In August 2021, he was seen at a Buffalo Bills practice assisting his former defensive coordinator Sean McDermott.

In 2022, Kuechly joined the Panthers' radio broadcast team as an analyst. He announced seven games in that first season. In 2024, Kuechly added television announcing duties when CBS Sports hired him as an analyst for its coverage of college football.

==Personal life==
While attending St. Xavier High School, Kuechly wore number 3. After his rookie season in the NFL, Kuechly returned to Boston College and completed a full semester of classes toward his undergraduate degree. In 2015 he completed his final degree requirements to earn a marketing degree from the Boston College Carroll School of Management.

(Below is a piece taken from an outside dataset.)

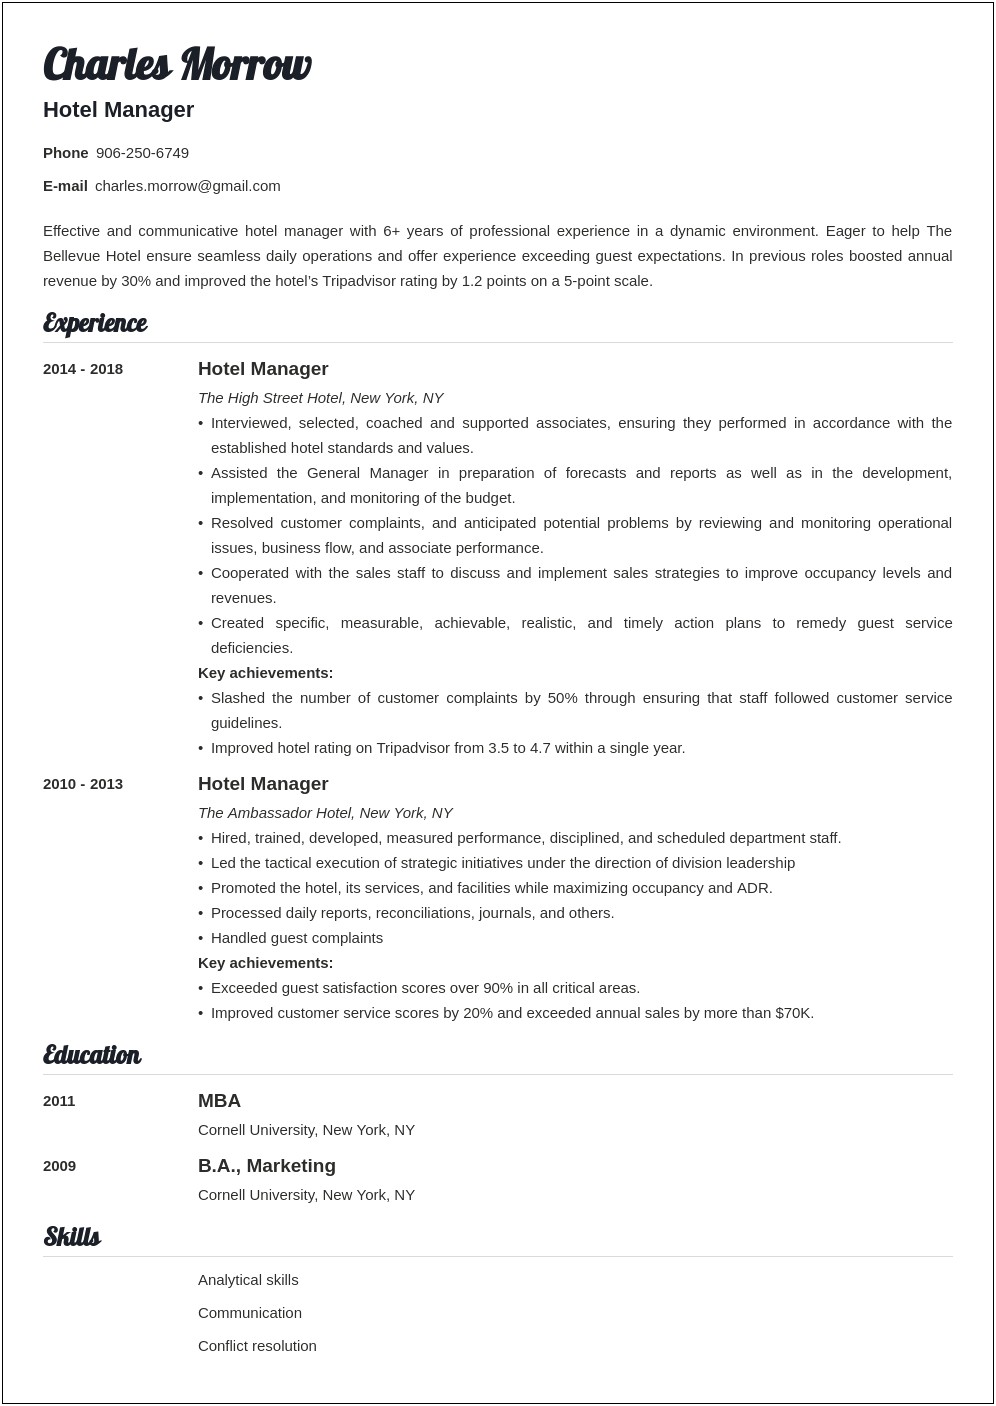 Resume Format For Hotel Management Experience

Kuechly is a devout Catholic and credits his parents and his faith for making a positive impact on his NFL career and his outlook on life:"I went to a Catholic grade school, Jesuit high school and a Jesuit college, and I think you just learn certain things growing up in that environment. Really, the biggest thing I learned from it is respect and to treat people correctly."